#### Material provided:
____________________

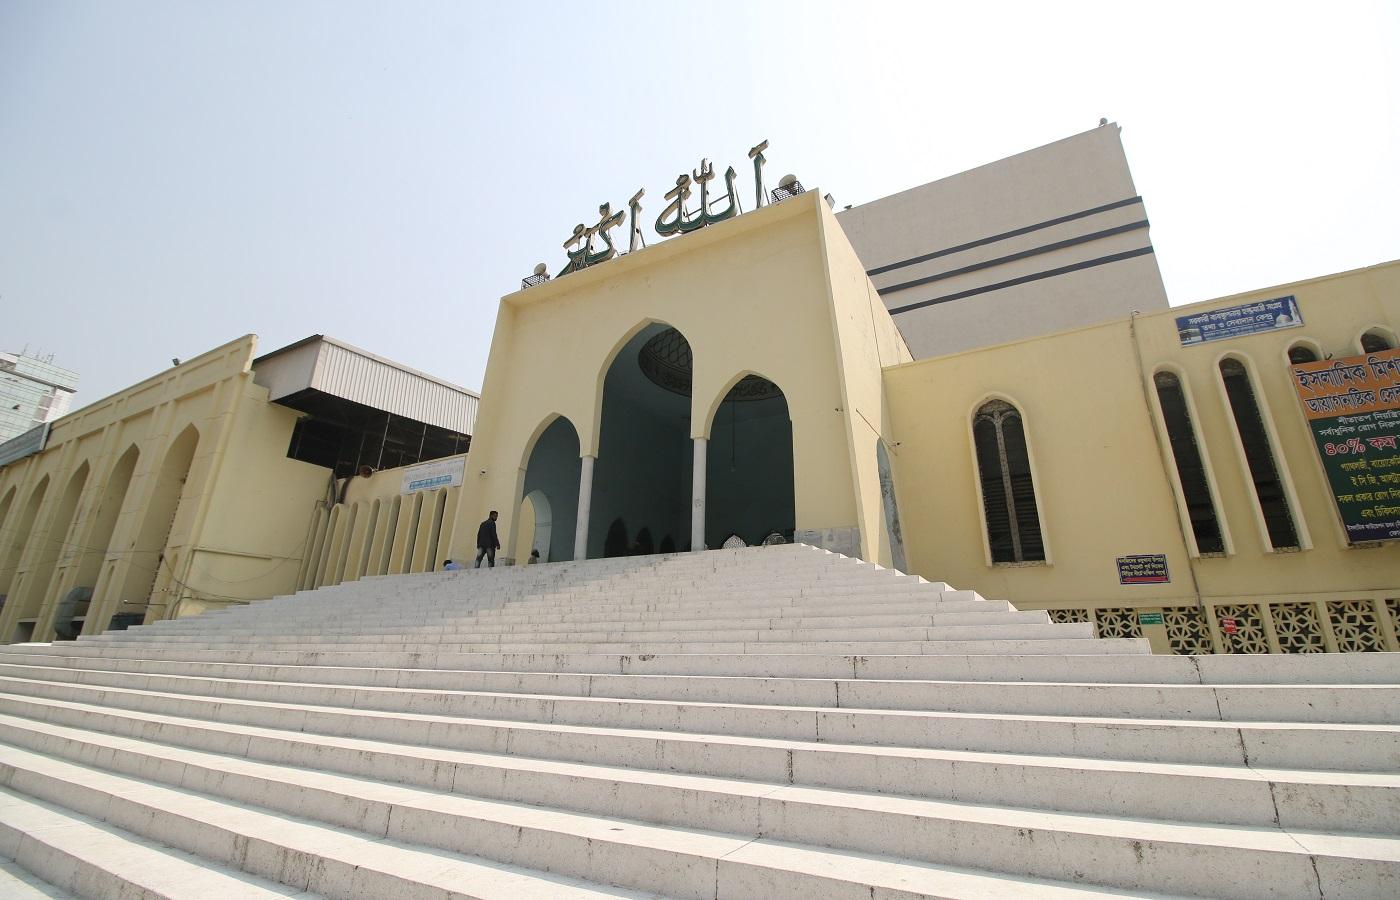 বায়তুল মোকাররম মসজিদ মার্কেট
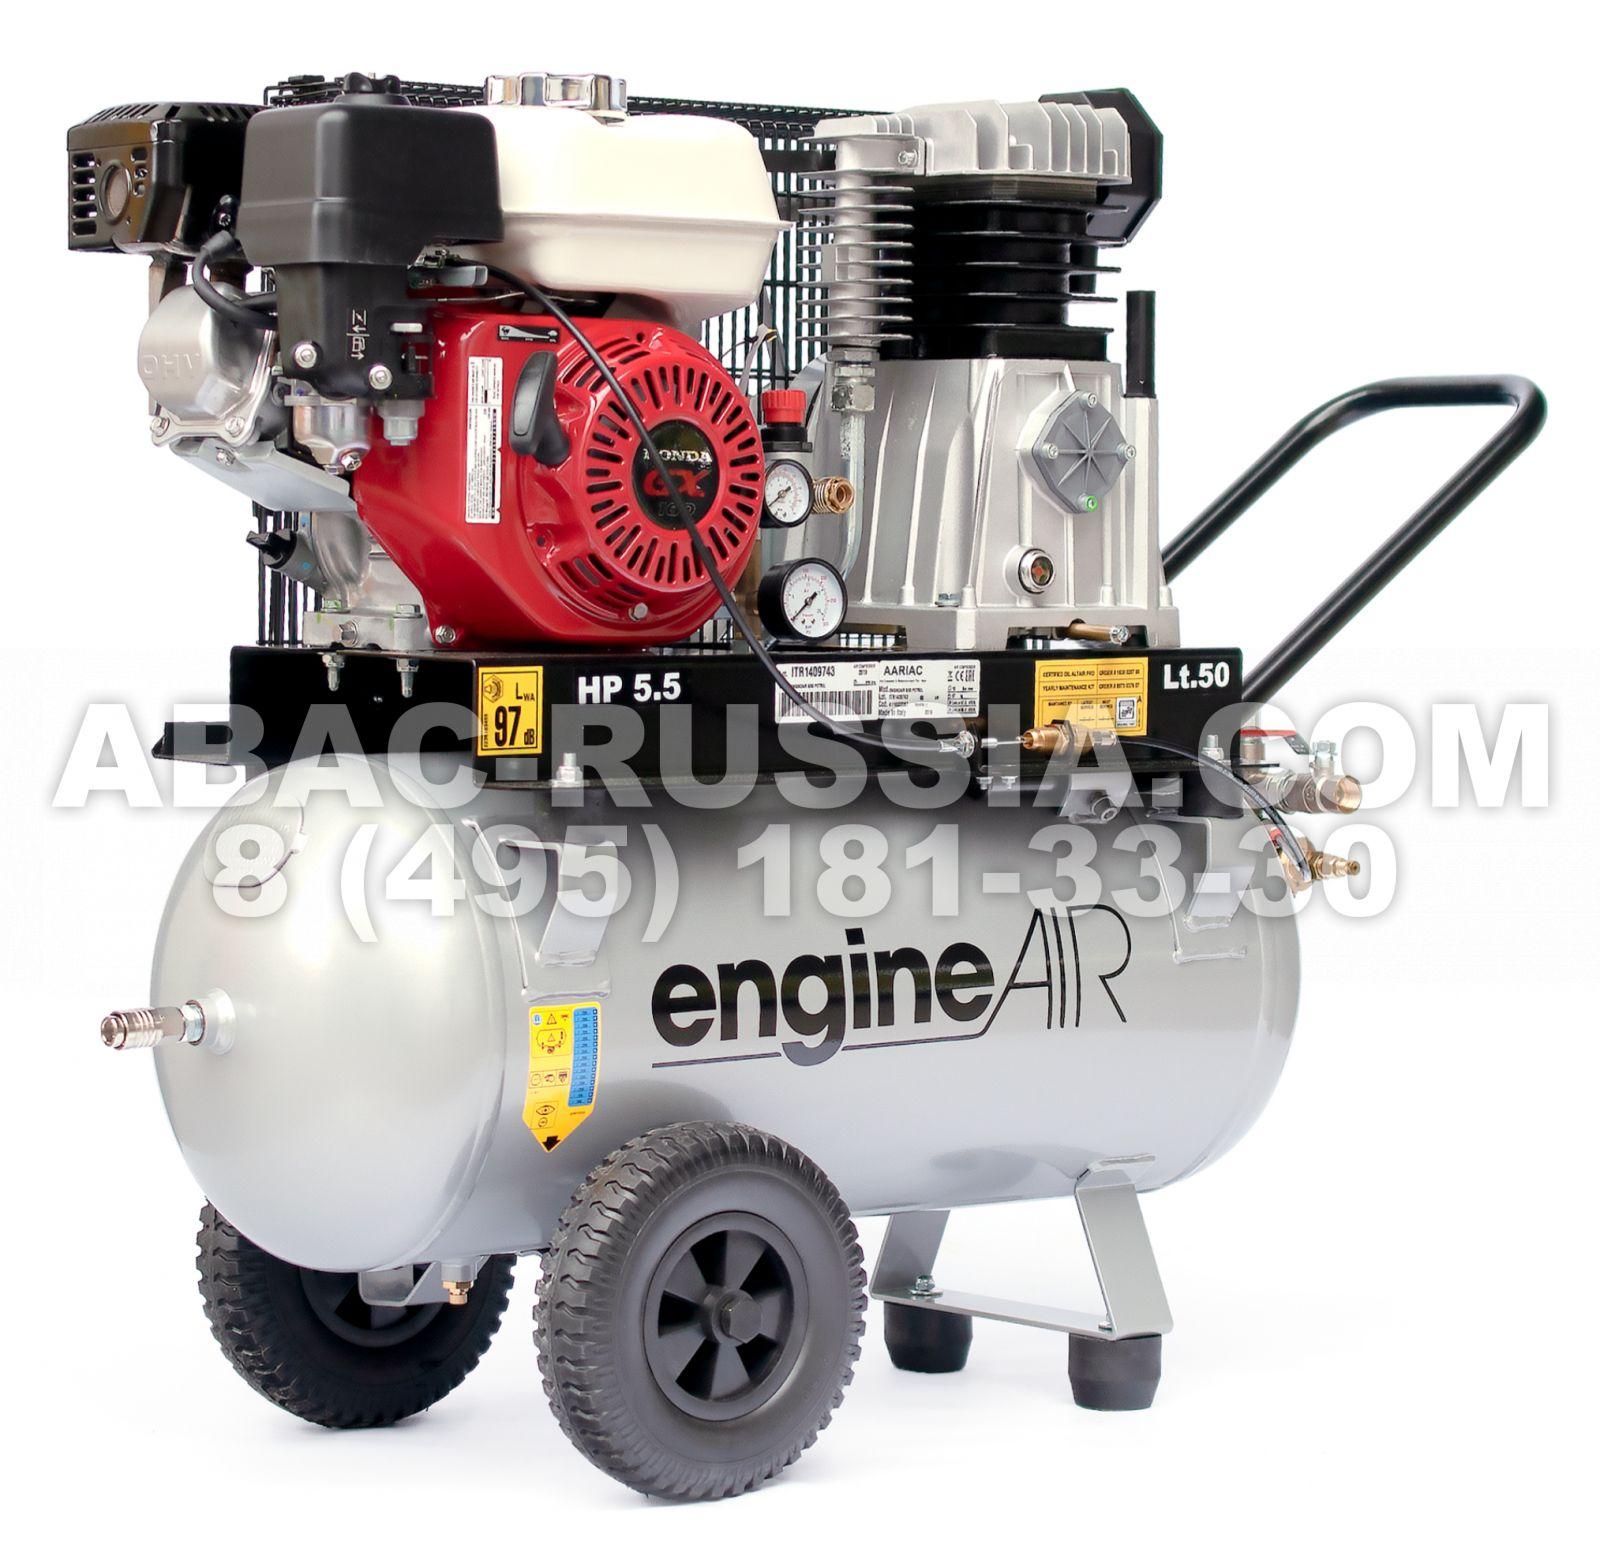 Поршневой компрессор ABAC EngineAIR А39B/50 5HP 4116002087
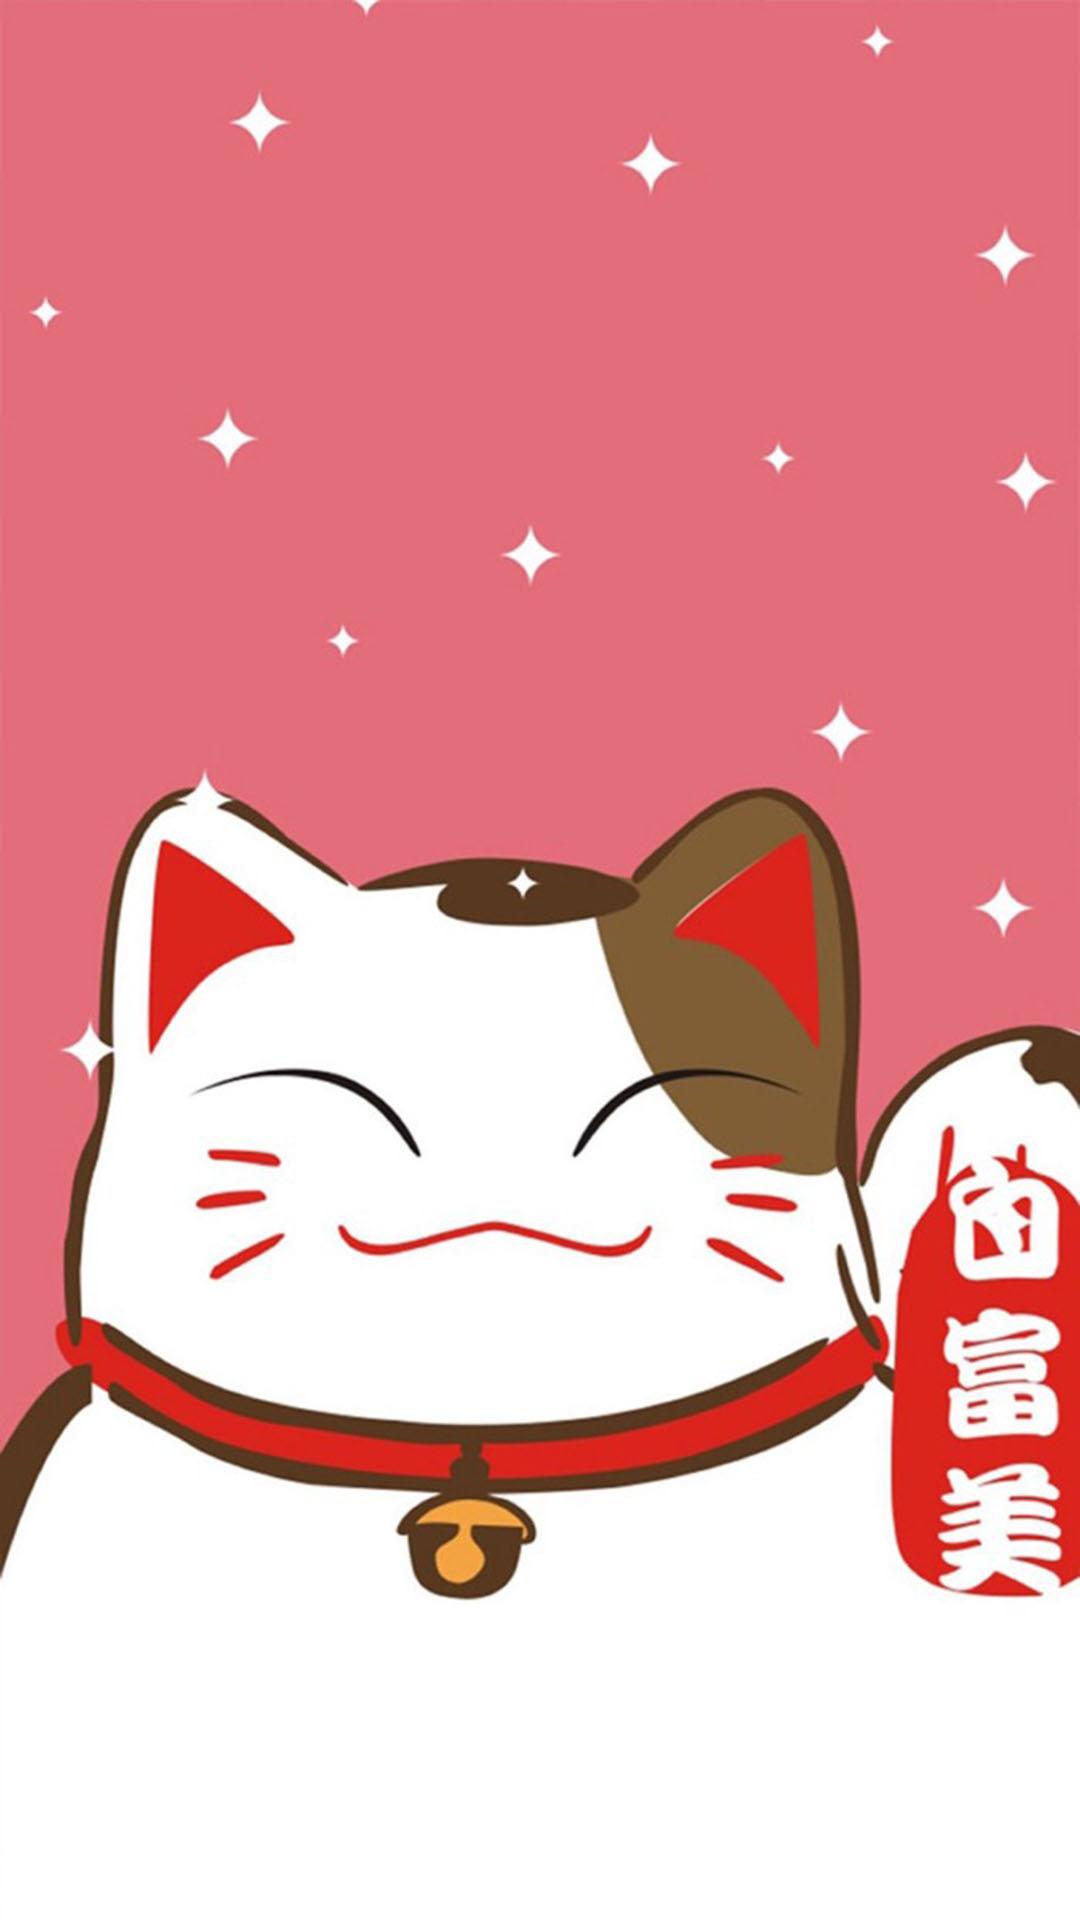 白富美招财猫 苹果手机高清壁纸 1080x1920 - 足球

____________________

#### Your instructions:
Please write out exactly the lines from the one holding "Поршневой компрессор ABAC" through the last line of the material above, both included, as a copy without pictures.

#### Solution to this task:
 Поршневой компрессор ABAC EngineAIR А39B/50 5HP 4116002087
 白富美招财猫 苹果手机高清壁纸 1080x1920 - 足球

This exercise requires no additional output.